In the present study, LCSH suggested a frequency up to 2.6% of UPDs. The UPD frequency found by SNP microarrays varies among studies. Analyzing the results of 227 individuals neurodevelopmental disorders in a highly consanguineous population of the United Arab Emirates, Alabdullatif et al. [14], using the ISCA 4X180K platform (60,000 SNPs) suggested UPD for 1%. Sasaki et al. [29], analyzing the data of 170 parent-child trios (510 samples) for 5 HapMap populations (159 Americans from Utah, USA, with ancestry from northern and western Europe; 33 Africans with ancestry in the southwestern USA; 81 Maasai from Kinyawa, Kenya; 174 Yoruba from Ibadan, Nigeria; and 63 Mexicans with ancestry in Los Angeles, California) with the Affymetrix 6.0 Array, found regions suggesting homozygous UPD in < 1% of them. However Bruno et al. [30], found potential UPDs in 4% of the microarray samples (250 K, Affymetrix) from 117 patients of Australia with neurodevelopmental disorders, considering LCSH > 5 Mbp.
It should be noted that CMA technology only shows UPD regions in isodisomy, not detecting UPDs with total heterodisomy. Single long stretches of homozygosis, may also reflect homologous repair through a break induced DNA replication mechanism [31].

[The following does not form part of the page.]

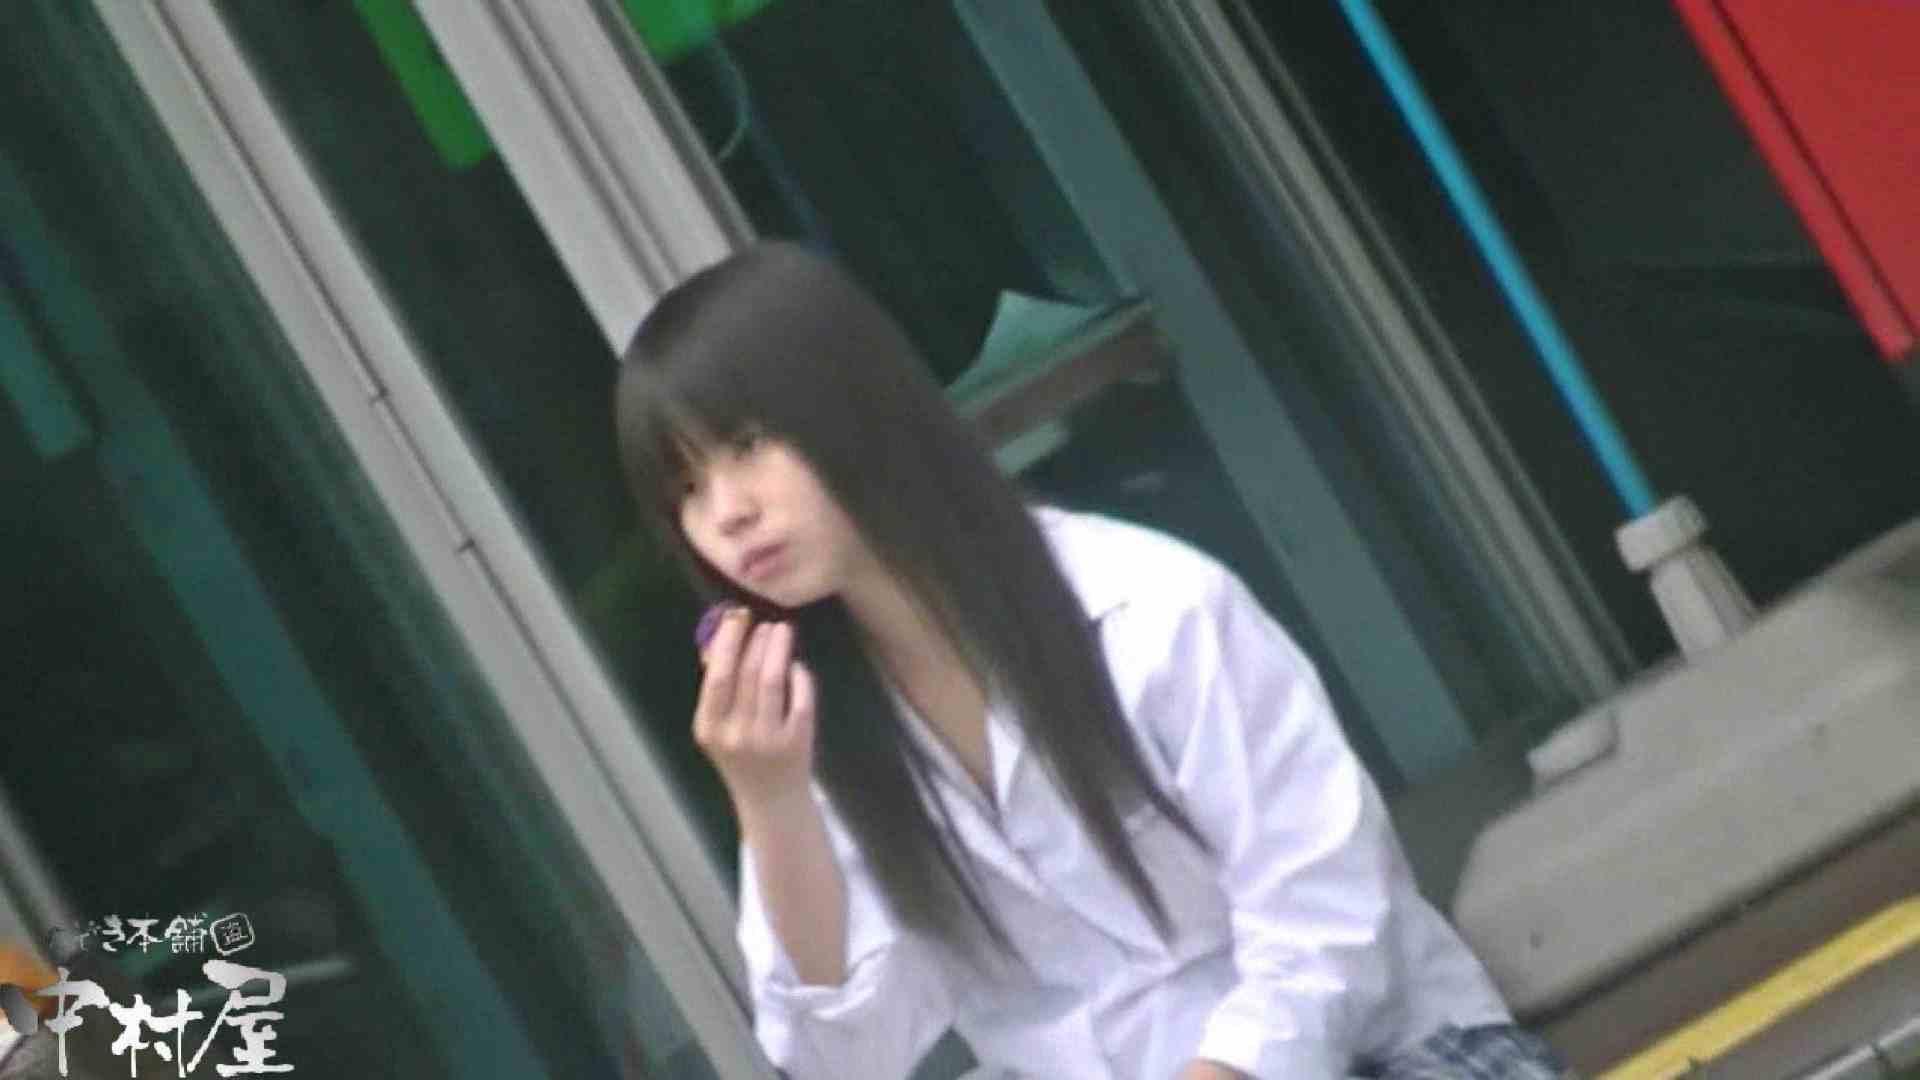 ドキドキ❤新入生パンチラ歓迎会vol.16 盗撮シリーズ オメコ無修正動画無料 95PIX 26

Of the eleven potential UPDs (Table 1 and Fig. 2) found in our study only three were on chromosomes related to imprinting syndromes, cases # 169 and # 346 on chromosome 7 and # 312 on chromosome 14, with two of them also carrying a pathogenic CNV, as discussed below:
Case # 169 presented an LCSH of 19 Mbp in the chromosomal region 7q21.13q31.1 (90,678,991-109,653,423). It refers to a girl, 9 years old at the time of the exam, with learning difficulties, non-specific dysmorphisms, ophthalmopathies, and short stature. However, she also had a 15 Mbp deletion involving the entire small arm of chromosome 18 [18p11.32p11.21 (136,226-15,181,666) × 1], which results in monoallelic loss of more than 184 genes, including 55 genes listed in the OMIM database, undoubtedly a pathogenic CNV [32]. There was no report of intrauterine growth retardation for the patient, the most typical characteristic of UPD(7)mat, which causes Silver Russel Syndrome, therefore, if the LCSH found represents a UPD(7), it is probable that it is a UPD(7)pat, known to not cause a pathology except when it generates autozygosis for a recessive mutation [33].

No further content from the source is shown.